When running with CPICKLE, only the new .types files will be output.

A typical usage case would be to create 5 different seeds of 5fold cross-validation. First, we create seed0, which also will compute the matrices needed. This depends on having INPUT a types file that we want to generate clusters for PDBFILES (target_name path_to_pdb_file path_to_ligand_smile) for each target in types

clustering.py --pdbfiles my_info --input my_types.types --output my_types_cv_seed0_ --randomize 0 --number 5

Next we run the following four commands to generate the other 4 seeds

clustering.py --cpickle matrix.pickle --input my_types.types --output my_types_cv_seed1_ --randomize 1 --number 5
clustering.py --cpickle matrix.pickle --input my_types.types --output my_types_cv_seed2_ --randomize 2 --number 5
clustering.py --cpickle matrix.pickle --input my_types.types --output my_types_cv_seed3_ --randomize 3 --number 5
clustering.py --cpickle matrix.pickle --input my_types.types --output my_types_cv_seed4_ --randomize 4 --number 5

Case 2: Running compute_*.py pipeline

First, we will use the compute_seqs.py to generate the needed input files

usage: compute_seqs.py [-h] --pdbfiles PDBFILES [--out OUT]

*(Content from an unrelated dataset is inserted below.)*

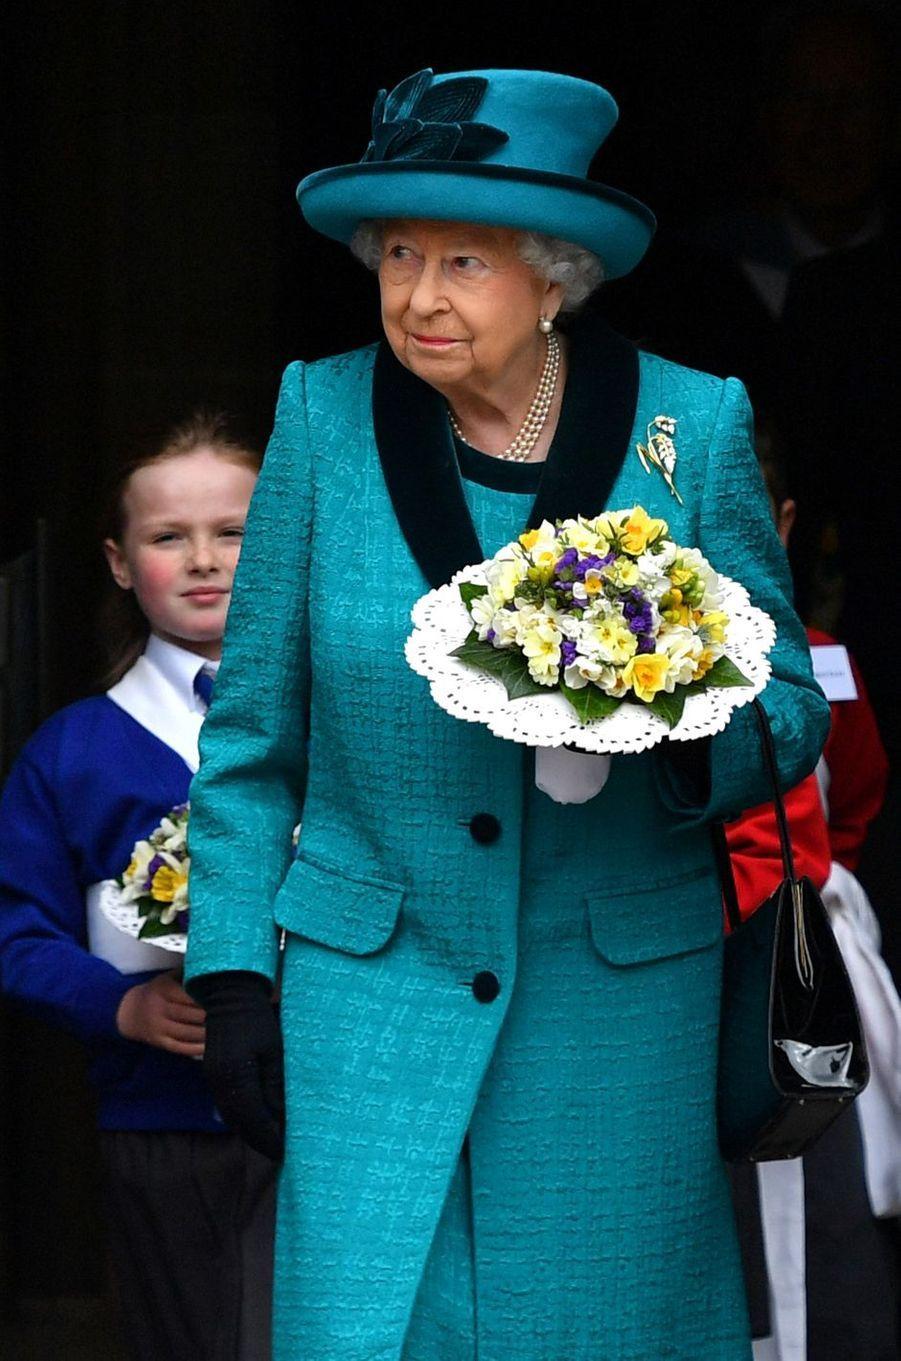 La reine Elizabeth II à Leicester, le 13 avril 2017

Output the needed input for compute_row. This takes the format of
"<target_name> <ligand smile> <target_sequence>" separated by spaces

optional arguments:
  -h, --help           show this help message and exit
  --pdbfiles PDBFILES  file with target names, paths to pbdfiles of targets,
                       and path to smiles file of ligand (separated by space)
  --out OUT            output file (default stdout)

PDBFILES is the same input that would be given to clustering.py.

For the rest of this pipeline, I will consider the output of compute_seqs.py to be comp_seq_out.

Second, we will run compute_row.py for each line in the output of compute_seqs.py

usage: compute_row.py [-h] --pdbseqs PDBSEQS -r ROW [--out OUT]

Compute a single row of a distance matrix and ligand similarity matrix from a
pdbinfo file.

optional arguments:
  -h, --help         show this help message and exit
  --pdbseqs PDBSEQS  file with target names, ligand smile, and sequences
                     (chains separated by space)
  -r ROW, --row ROW  row to compute
  --out OUT          output file (default stdout)

Here PDBSEQS is the output of compute_seqs.py. For example, to compute row zero and store the output into the file row0:

compute_row.py --pdbseqs comp_seq_out --row 0 --out row0

For the next part, I assume that the output of compute_row.py is row[num] where [num] is the row that was computed.

Third, we will run combine_rows.py to create the cpickle file needed for input into clustering.py

combine_rows.py row*

combine_rows.py accepts any number of input files, and outputs matrix.pickle

Lastly, we run clustering.py as follows

clustering.py --cpickle matrix.pickle --input my_types.types --output my_types_cv_

Adding new counterexamples to types files

There are 4 scripts here which form a pipeline to generate new counter-examples for a data directory.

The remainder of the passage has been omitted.